Are you thinking of current carrying capacity?
Patrick's first appendix shoud assist:
http://www.free-energy-info.com/Appendix1.pdf
If you are talking about area, then the area of the cross section is pi times radius squared
(You will get the radius or diameter from Patrick's tables).
Okay.
So the area of a #24 wire is .205 mm2 and the area of a #17 wire id 1.04 mm2.
That would indicate that it would take 5 #24 wires to make the equivalent of a #17 wire.
Does that sound right to you?
Thanks, I appreciate it.
Paul-R. your answer poses a question I don't know the answer to.
Does a number of smaller wires carry the same current as a larger wire of the same area?
Quote from: rukiddingme on January 17, 2014, 04:58:48 AM
Does a number of smaller wires carry the same current as a larger wire of the same area?
did you mean ?
"Does a number of smaller wires carry the same current as a larger wire of the same VOLUME "
Why not weigh the wire, cut one or two inch pieces and weigh them.

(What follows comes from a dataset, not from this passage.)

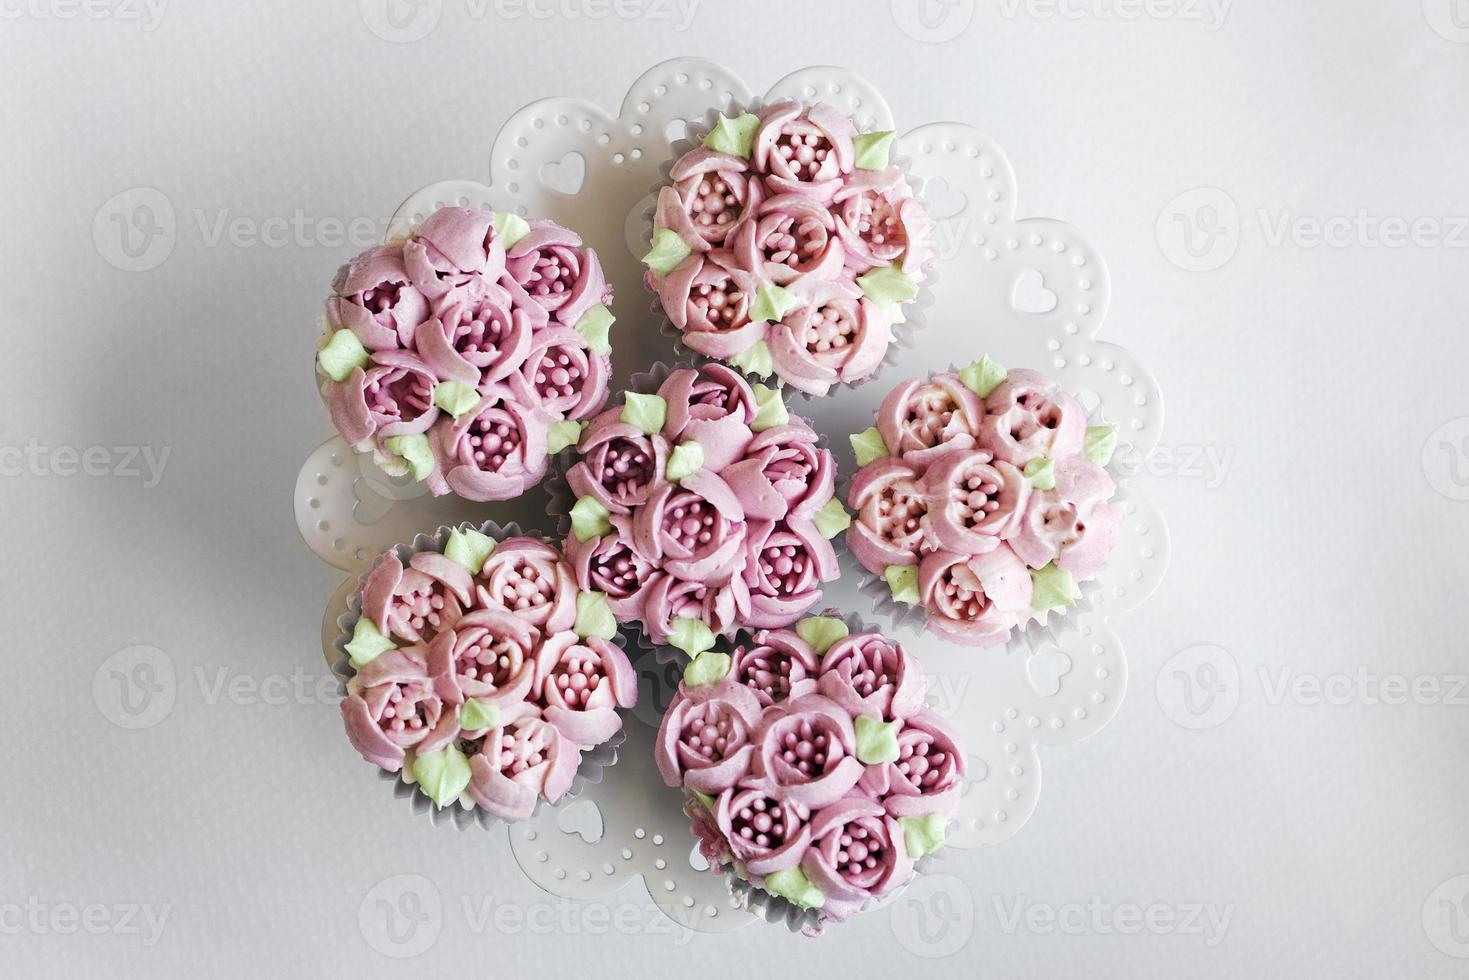 cupcakes décorés de fleurs roses gastronomiques sur table photo

what to do with the weight @Dave45
Every three gauge steps almost identically doubles the area of the wire. If you go up five wire gauges, then you will need four of the smaller diameter wires to get below the resistance of one of the larger wires at DC. For AC currents, the ratios converge due to the skin effect. It's not that little wires get better, it is that thick wires get much worse.